* **Instructions for the task**
Transcribe the listing exactly as written. Leave the images out.

* **Recorded information**
# # #

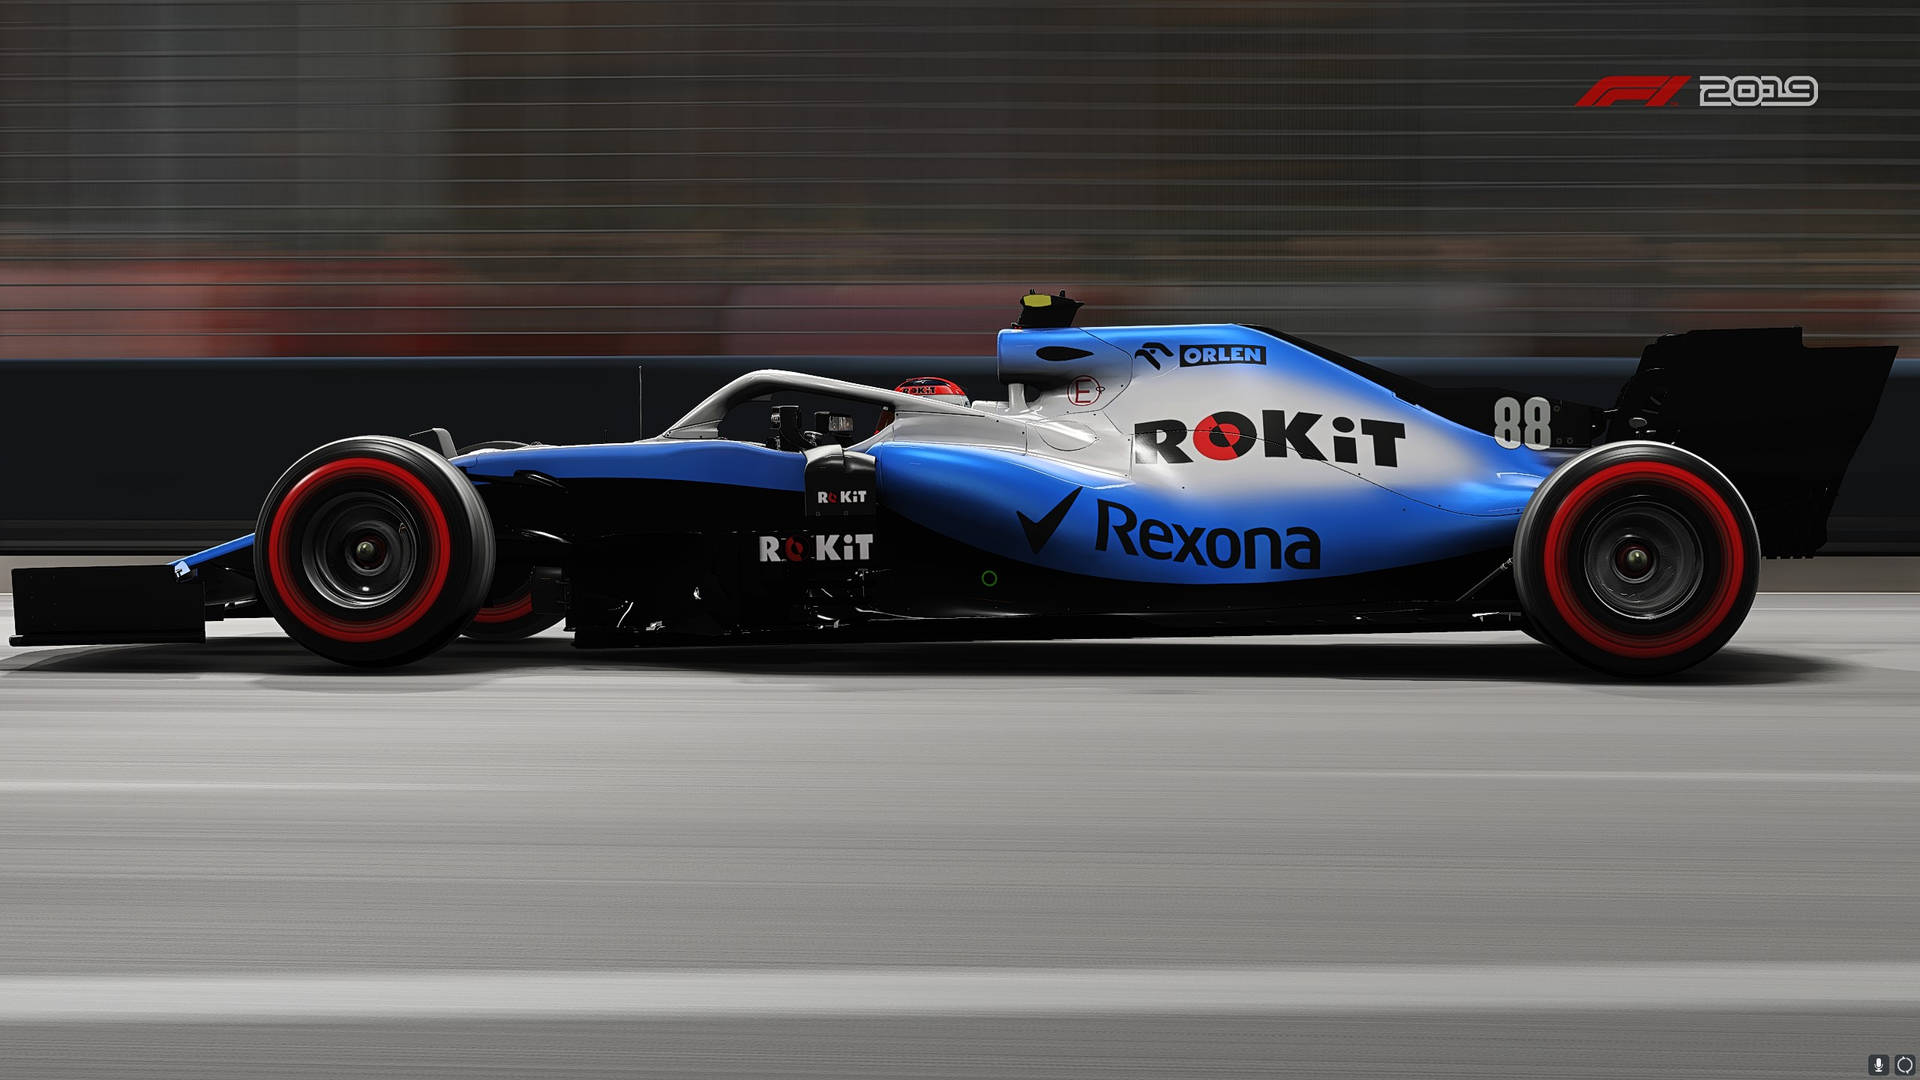 Williams Racing's #88 Car In F1 2019 Background
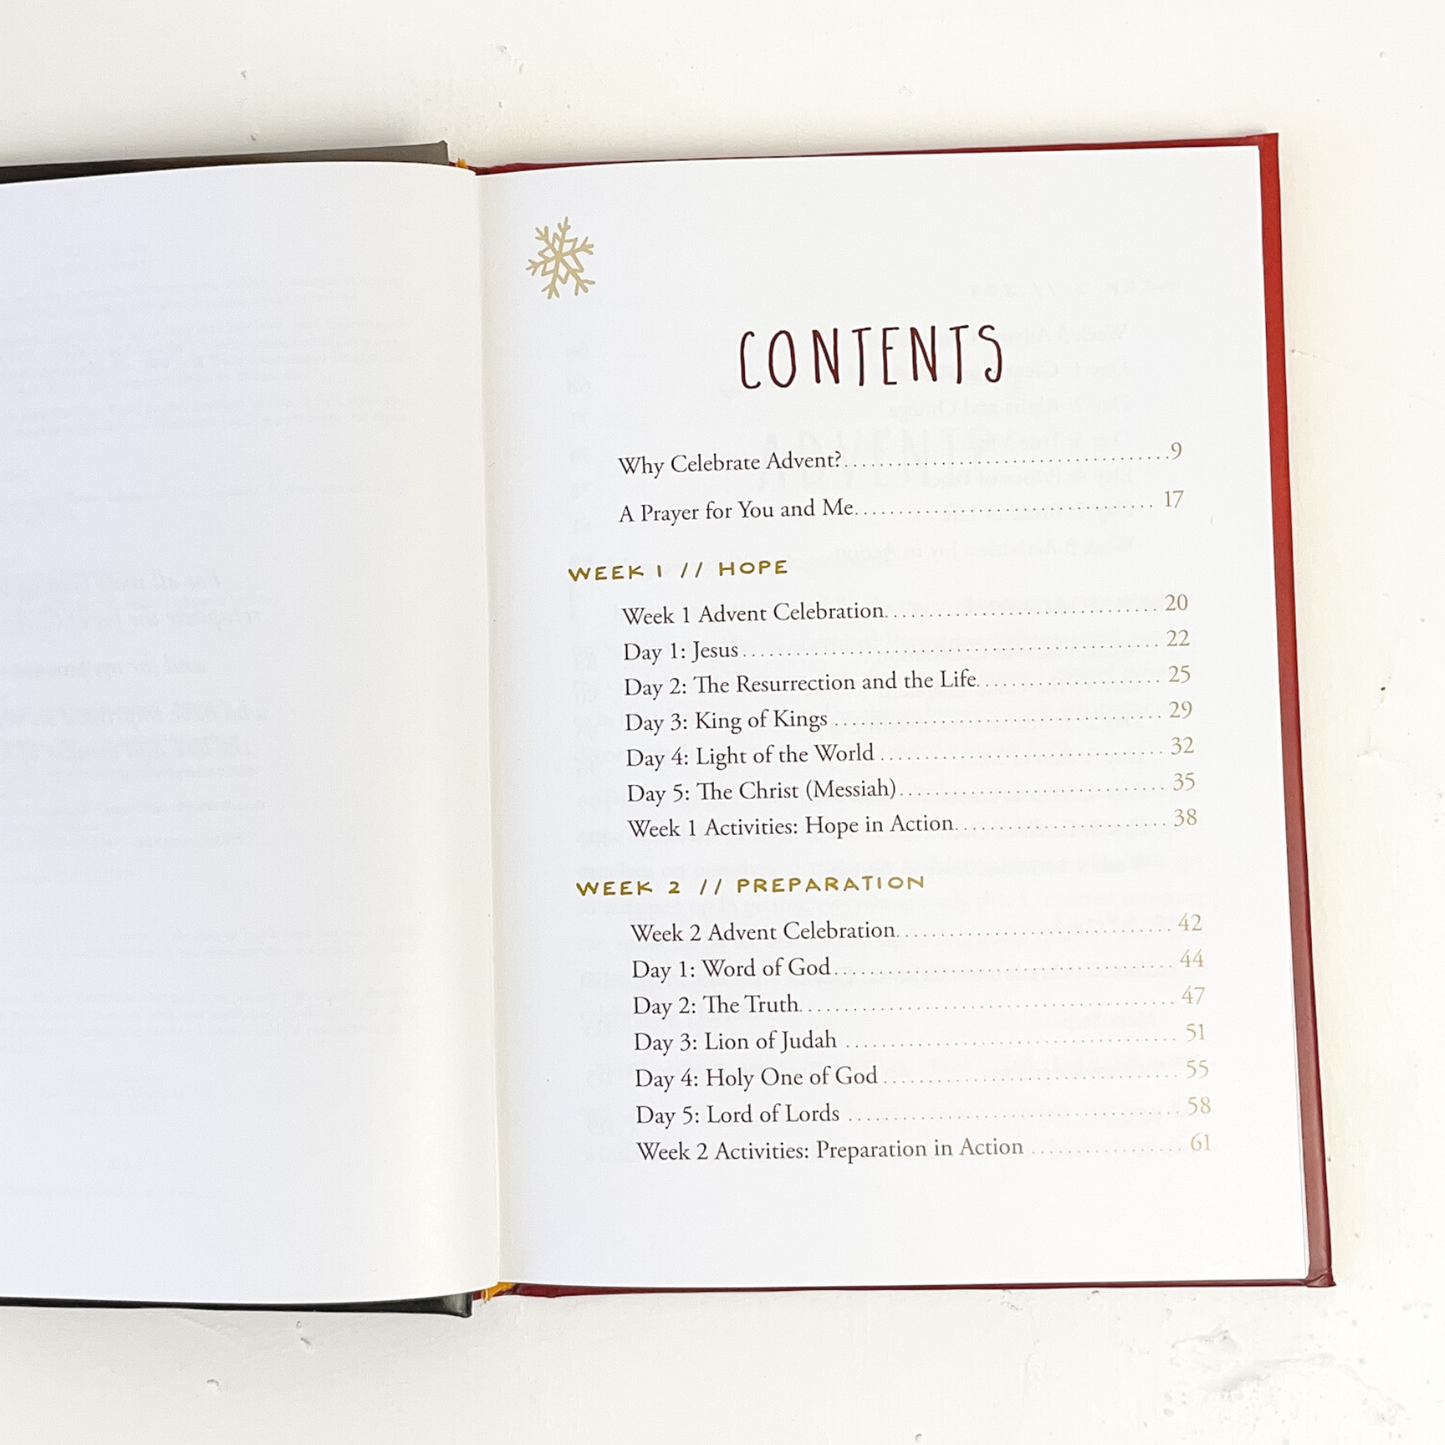 Signed Copy of Unwrapping the Names of Jesus: An Advent Devotional
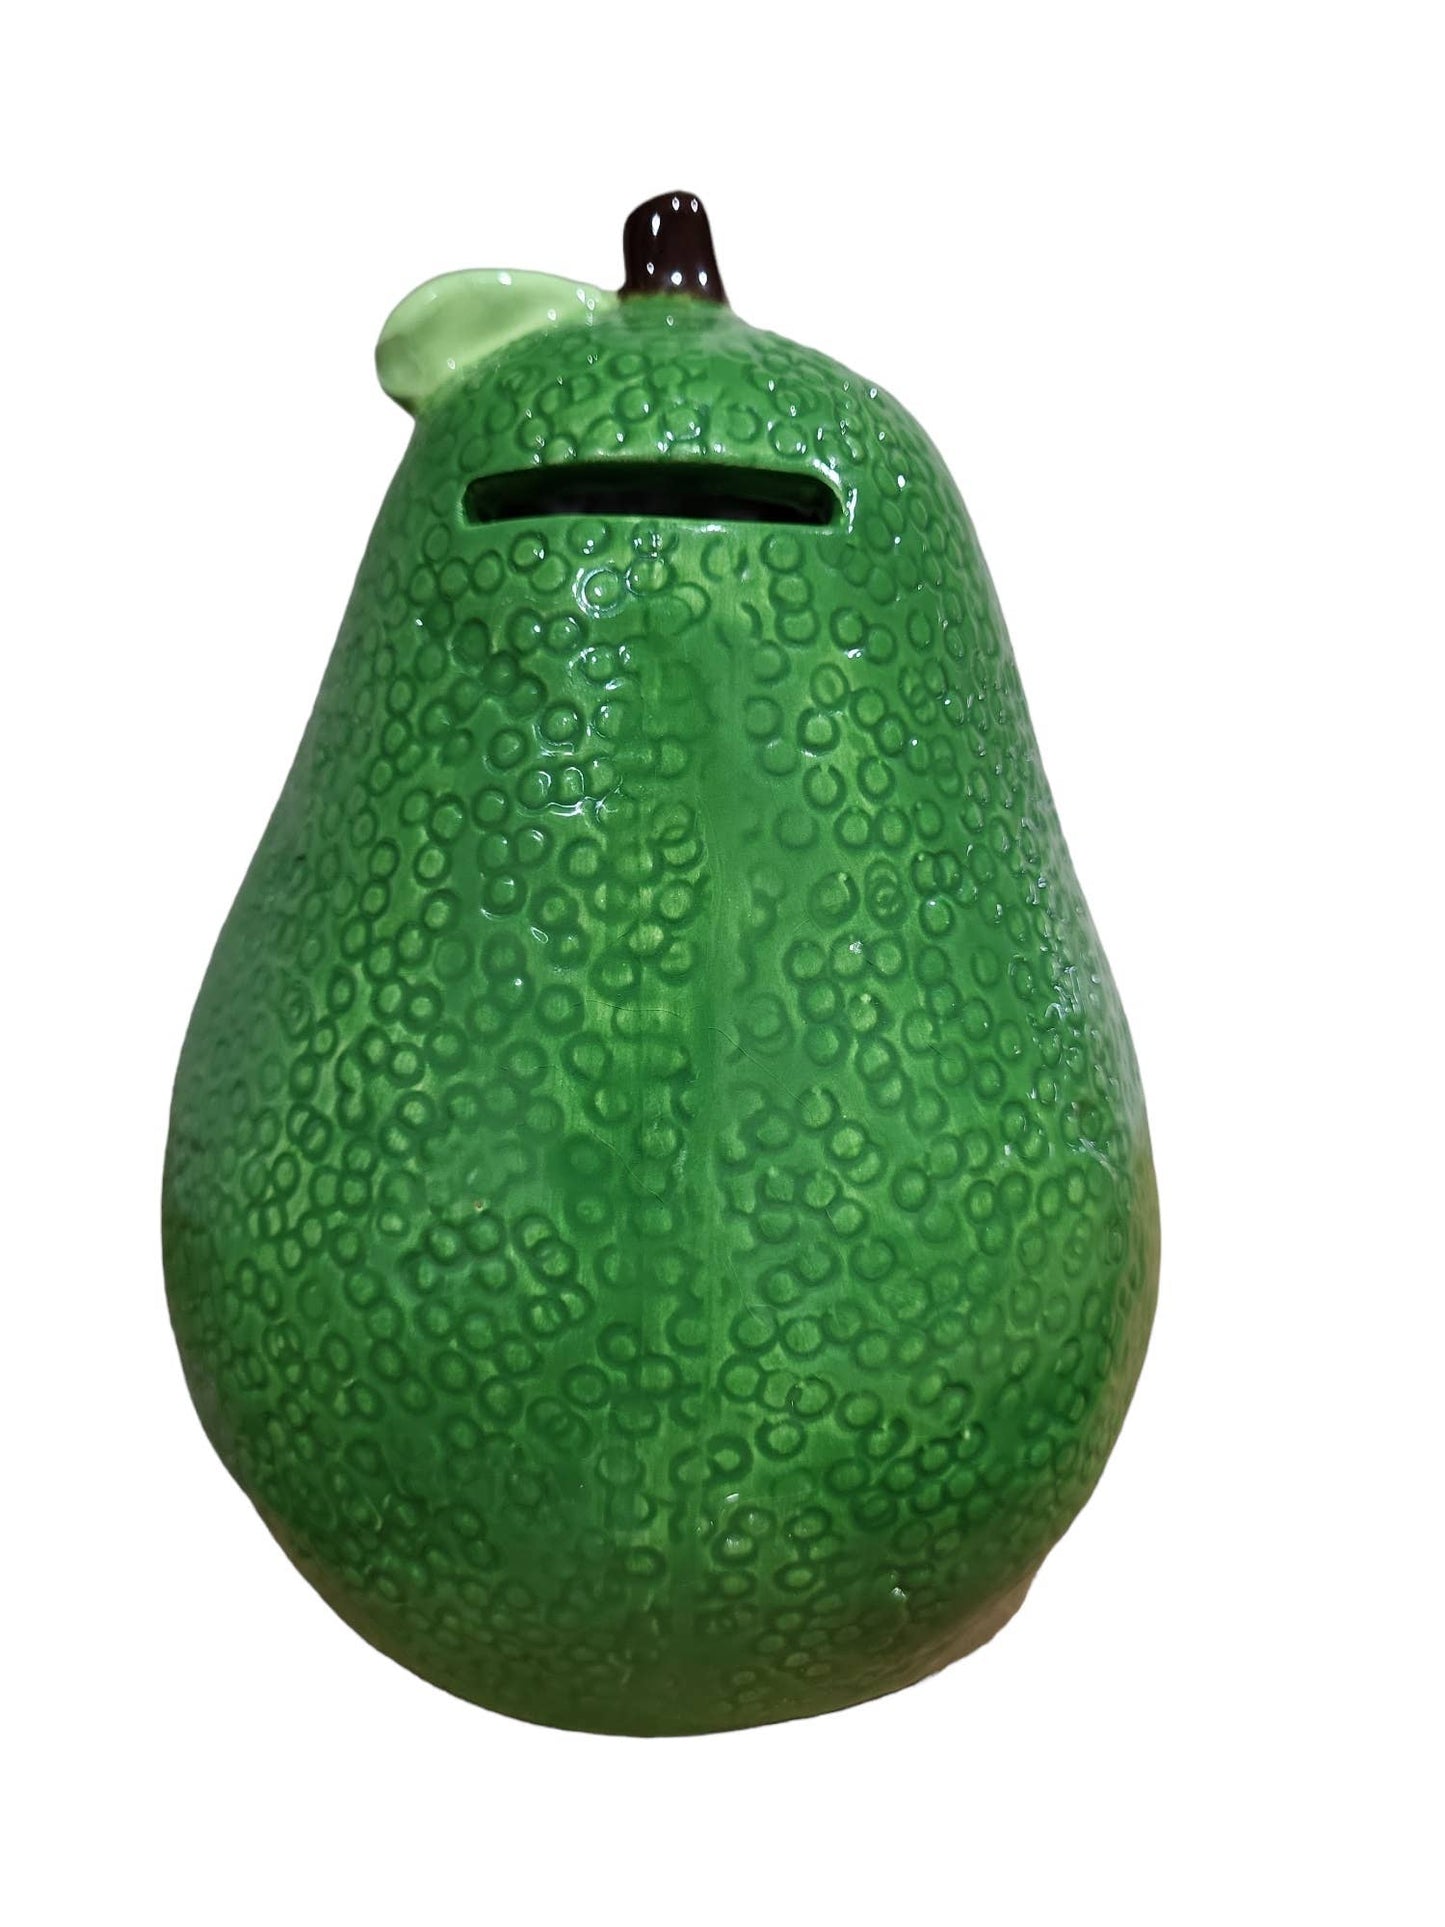 Large 6.75" Avocado Ceramic Coin Bank with Fur
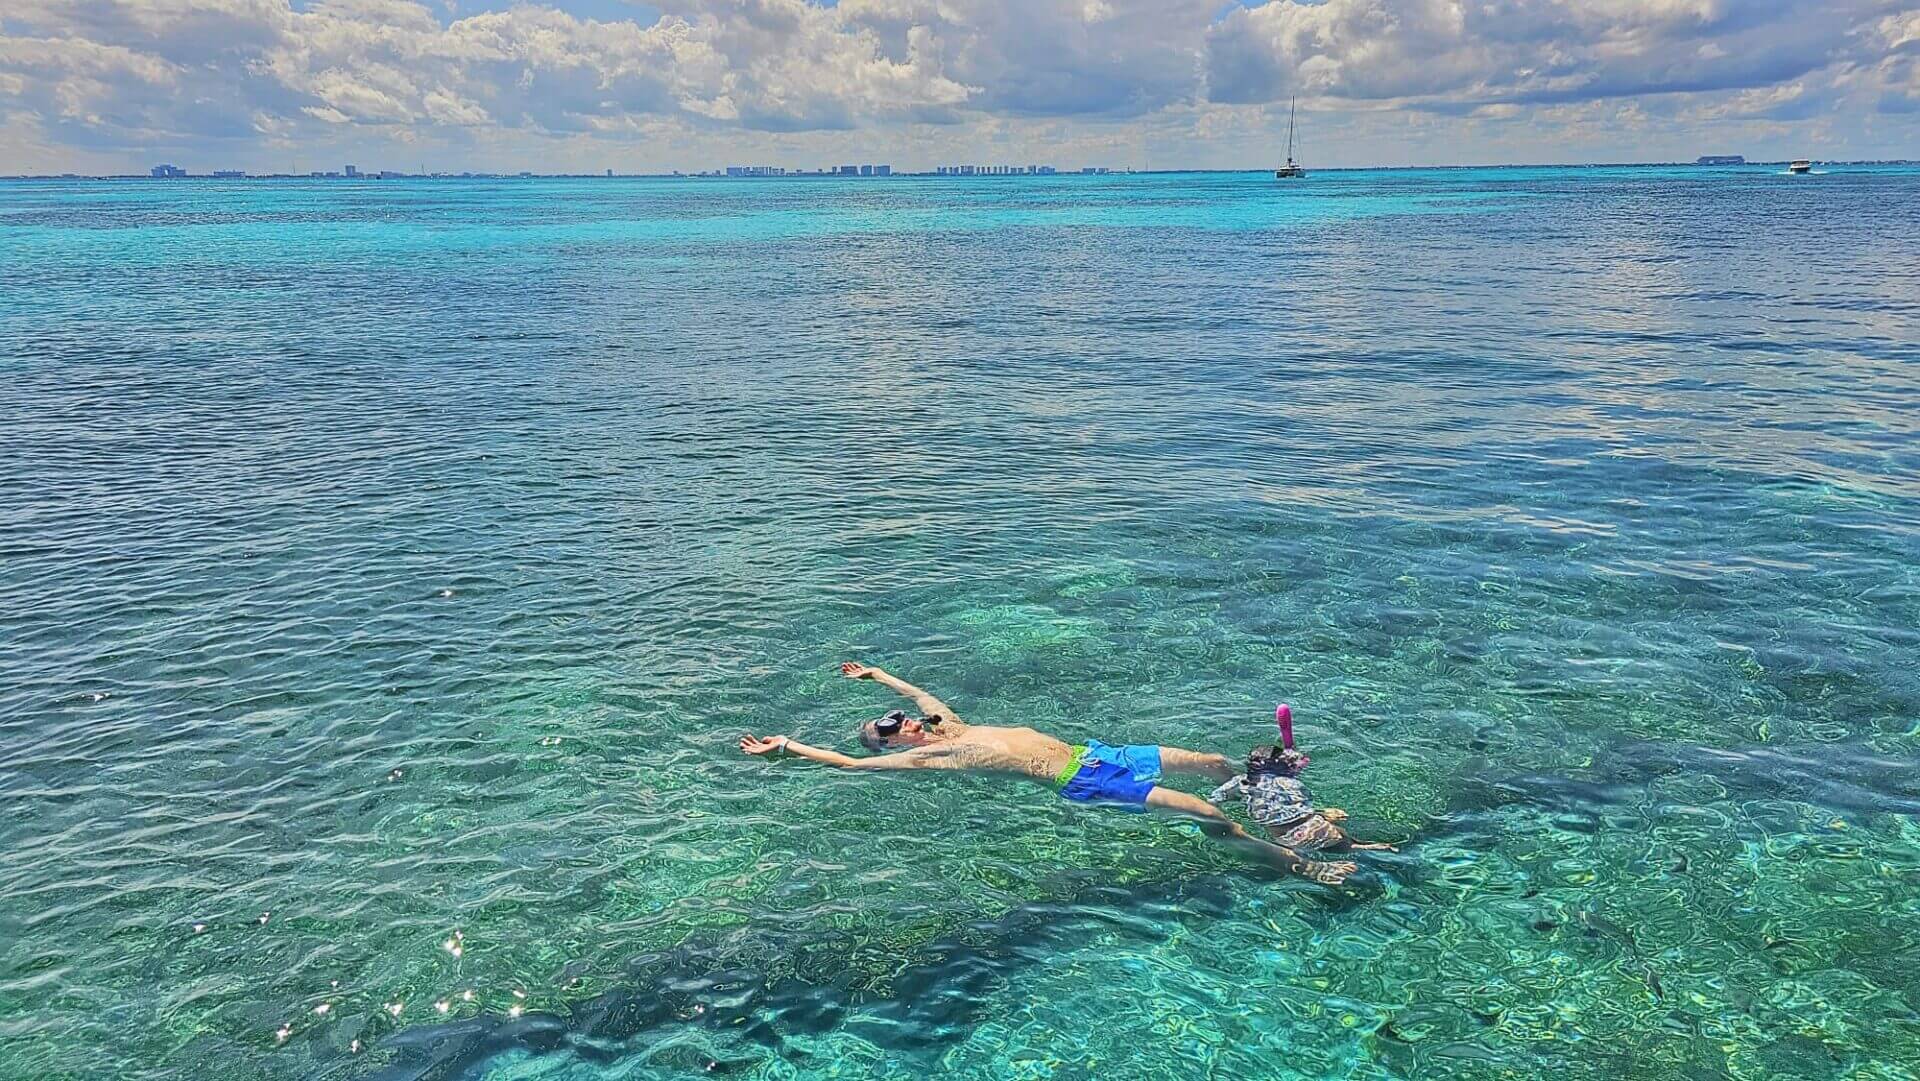 A snorkeler floating on the clear waters of Playa del Carmen, Riviera Maya, with distant views of the coastline.

# # #

* **Finished task**
 Williams Racing's #88 Car In F1 2019 Background
 Signed Copy of Unwrapping the Names of Jesus: An Advent Devotional
 Large 6.75" Avocado Ceramic Coin Bank with Fur
 A snorkeler floating on the clear waters of Playa del Carmen, Riviera Maya, with distant views of the coastline.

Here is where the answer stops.